To establish the correct values and to confirm the scanner is working, initiate a scan over the 2.2-2.6GHz range. As the 2.4GHz spectrum is very busy with legacy WiFi
and BlueTooth, the probability of seeing signals is high. If in an environment without BlueTooth or WiFi, an alternative is the FM broadcast band (88MHz to 108MHz).
To begin, commence scanning with just the scanner and sigfinder containers:
$ VOL_PREFIX=/tmp FREQ_START=2.2e9 FREQ_END=2.6e9 docker compose -f orchestrator.yml up gamutrf sigfinder
Watch for /tmp/fft.png
to appear, which should contain strong signals similar to this example:
If no or only small peaks appear which are not marked as peaks, increase gain
(e.g., from 40 to 45) until peaks are detected.
If no peaks appear still, check antenna cabling, or choose a different scan range where signals are expected in your environment.
If peaks appear but are consistently not marked, decrease theshold
(e.g. -25 to -35). If too many peaks are detected (noise detected as peaks), raise threshold.
Troubleshooting
Containers won't start using Ettus SDRs
[ERROR] [USB] USB open failed: insufficient permissions
Ettus SDRs download firmware and switch USB identities when first powered up. Restart the affected container to work around this.

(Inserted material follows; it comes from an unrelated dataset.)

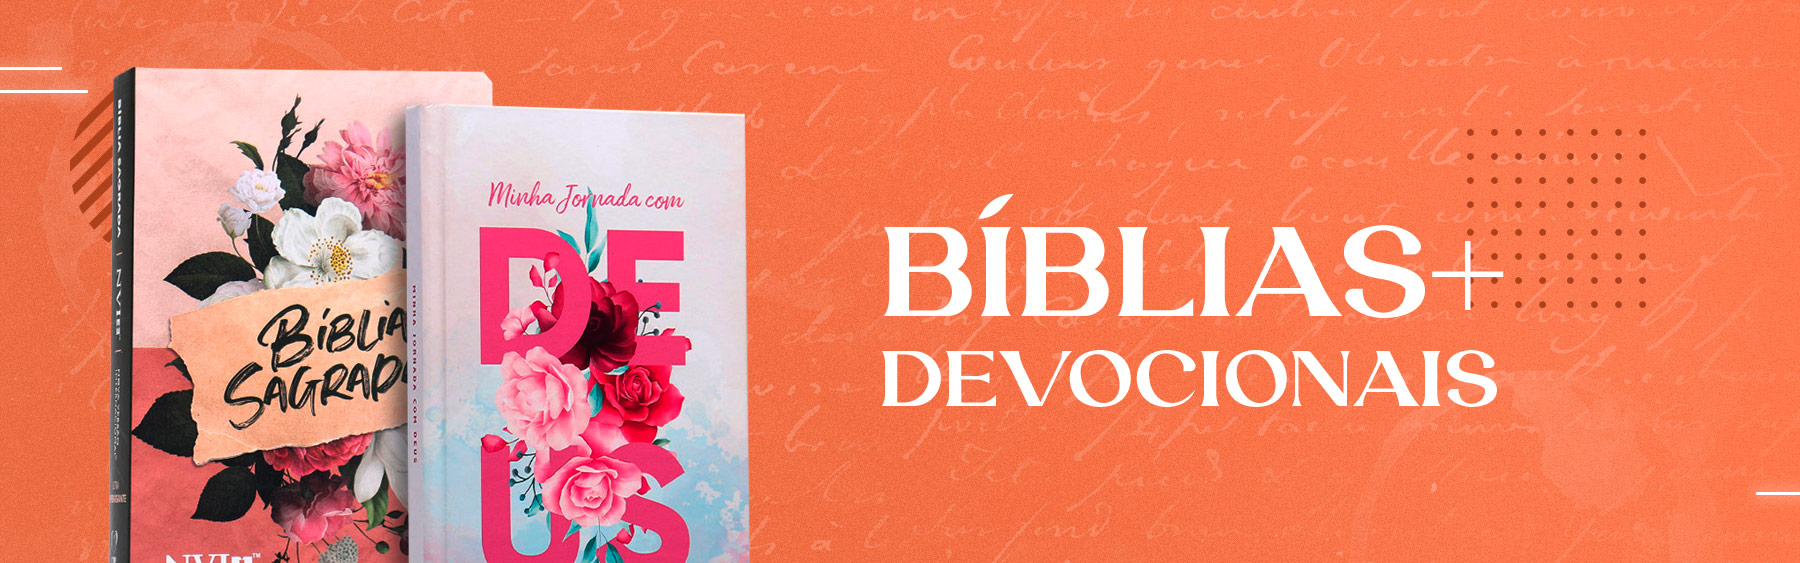 biblia e devocionais
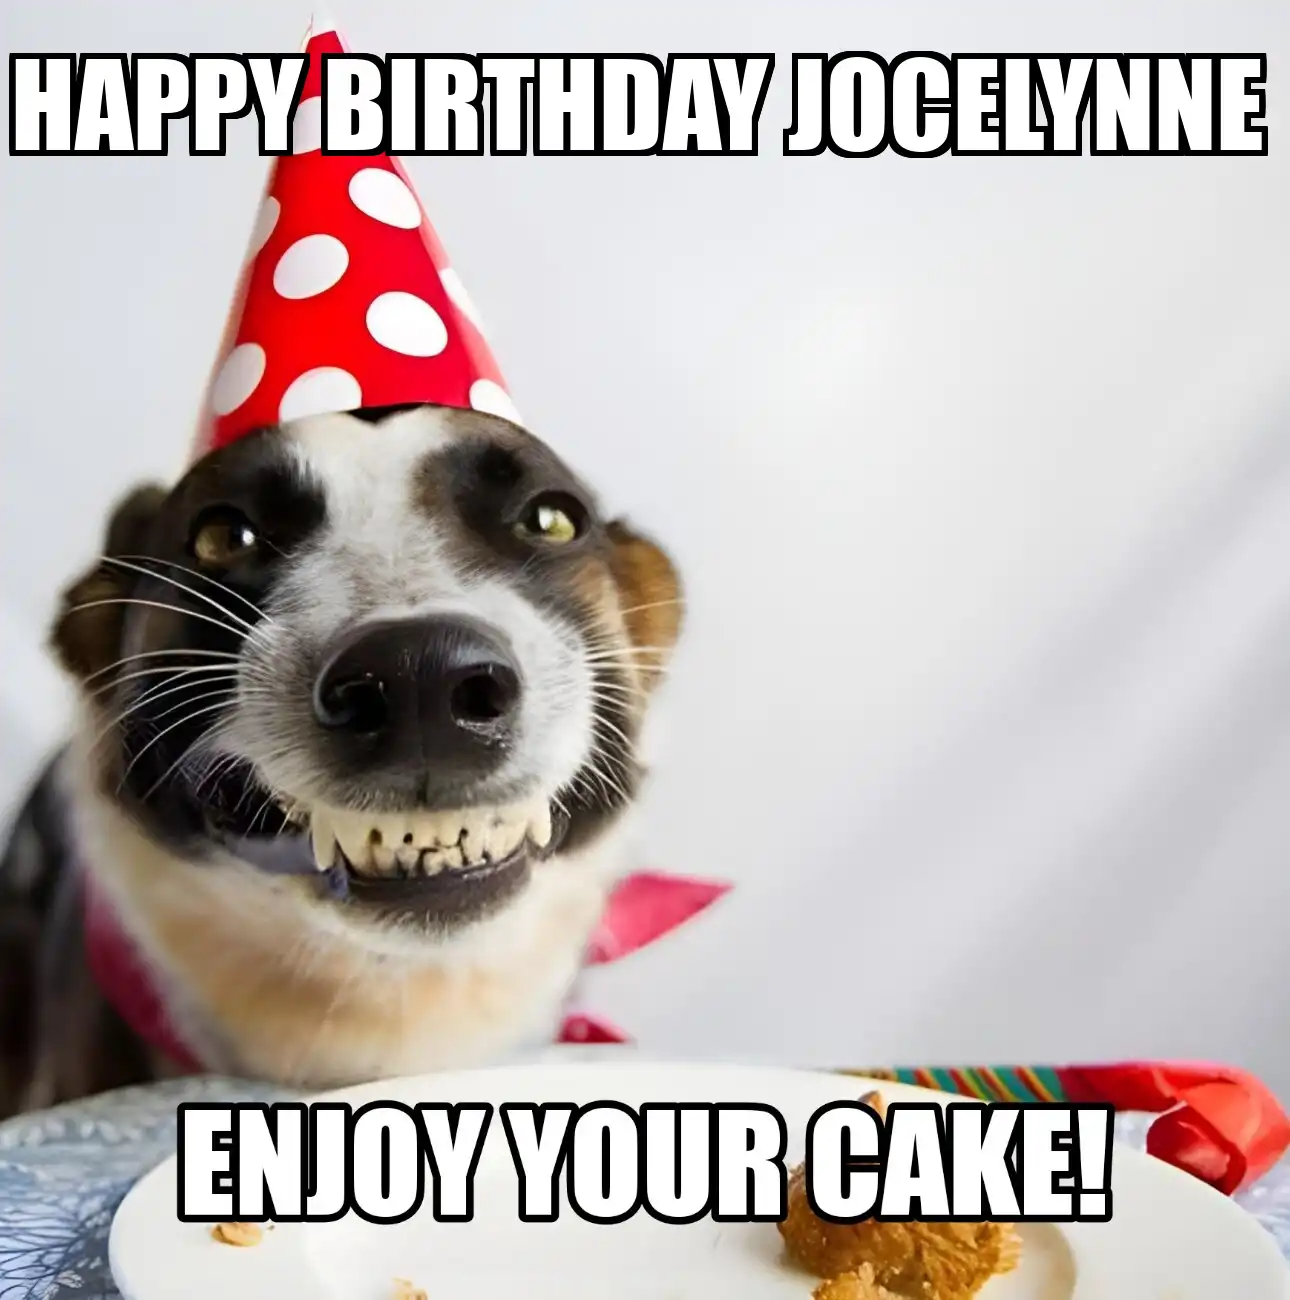 Happy Birthday Jocelynne Enjoy Your Cake Dog Meme

[ERROR] [UHD] An unexpected exception was caught in a task loop.The task loop will now exit, things may not work.boost: mutex lock failed in pthread_mutex_lock: Invalid argument
UHD driver arguments num_recv_frames
or recv_frame_size
may be too high. The defaults are defined as ETTUS_ARGS in utils.py. Try reducing one or both via --sdrargs
. For example, --sdrargs num_recv_frames=64,recv_frame_size=8200,type=b200
.
Scanner with Ettus SDR shows implausible low power at approx 100MHz intervals
Ettus radios may need extra time to produce good data when being retuned rapidly by the scanner. Try adding --skip-tune-step=1024
to the scanner command line and increase the value until the power dips disappear. This parameter will slow down the scan speed.
"O"s or warnings about overflows in SDR containers
- Ensure your hardware can support the I/Q sample rate you have configured (gamutRF has been tested on Pi4 at 20Msps, which is the default recording rate). Also ensure your recording medium (e.g. flash drive, USB hard disk) is not timing out or blocking.
- If using a Pi4, make sure you are using active cooling and an adequate power supply (no CPU throttling), and you are using a "blue" USB3 port.